The Brexit vote was dominated by the over 30’s. Partly because young people just didn’t get up to vote. While it can be frustrating to those who did vote, instead of attacking those who didn’t, we need to ask ourselves: why?
Many young people have been told their whole lives that their opinion just doesn’t matter because of their age. Up until the day before their 18th birthday, they are children, without adult responsibility. But we expect that on the day of their 18th birthday they are suddenly gifted adulthood.
By lowering the voting age to 16 we have an opportunity to teach our younger generations that what they think does matter. That they can make a change. Because the fact is, voting is pretty much a foreign concept to young people.
A chance to learn the importance of voting in school
Most of us had left school by the time it came to vote. Relying on instruction from our parents on where to go and what to do. And while the argument always is that parents have a responsibility to educate as much as our teachers, not every parent follows through on this.
Many parent’s stance is: what’s the point?

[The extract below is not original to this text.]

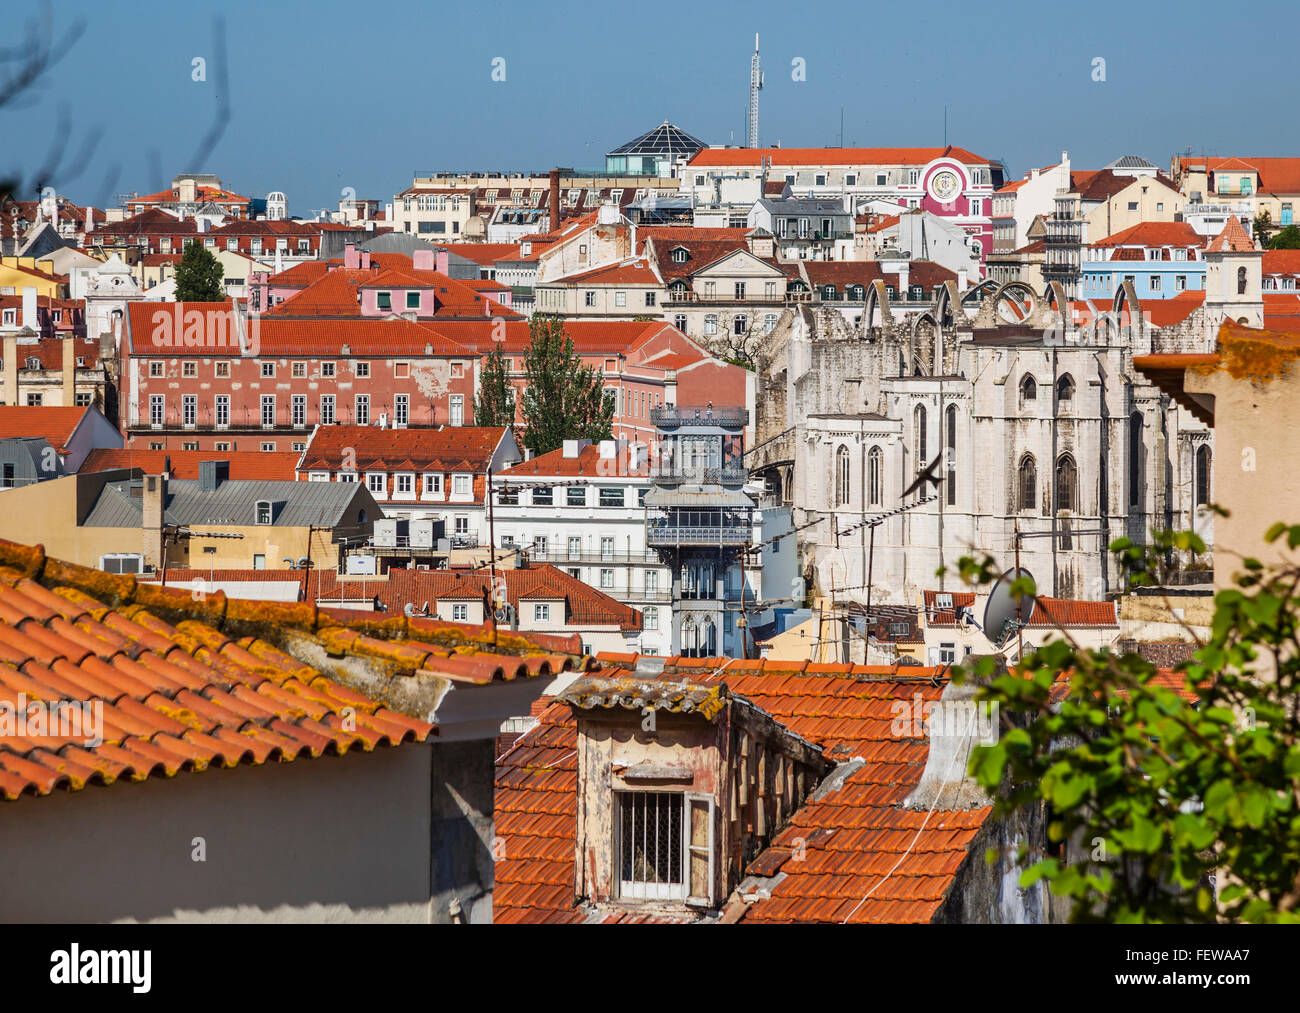 Portugal, Lisbonne, vue sur les toits du quartier de Baixa vers l'ascenseur de Santa Justa et les ruines de l'ancien couvent Carmo Banque D'Images

If your parents don’t vote, it is unlikely they will encourage their children to. You also need to consider those young people without a parental figure in their lives.
A bigger focus on voting education in schools gives everyone the opportunity to express their opinion. No matter who they vote for, even if they just leave their ballot card blank, they have made a statement. By lowering the age to vote to 16, it gives schools an opportunity to teach the importance of voting to children and lets them exercise their right to a say.
Young people are becoming more and more informed
To say young people don’t care about politics and are uninformed is simply unfounded. (Does no one remember the millibaes? Come on). With Twitter and other forms of social media, many young people are aware of the news before its covered on traditional news outlets.
In this day and age, there is almost no excuse to be uninformed on current affairs. With new information becoming available every second of every day, young people have access to an ever-expanding range of opinions and facts. Allowing them the ability to make their own informed political decisions.
They are the ones being affected
A more controversial stance is that 16-year-olds are going to be more affected by UK politics than their seniors. There would have been people a day away from being 18, unable to vote on their future. Yet people who won’t even see the effects of Brexit got out and voted.
While older people have the right to vote, so should 16 year olds. Young people care about politics. It’s as simple as that. We should be encouraging their participation in society from a younger age. Give them the opportunity to be taught in schools in an unbiased manner. Only then can we expect young people to get up and vote.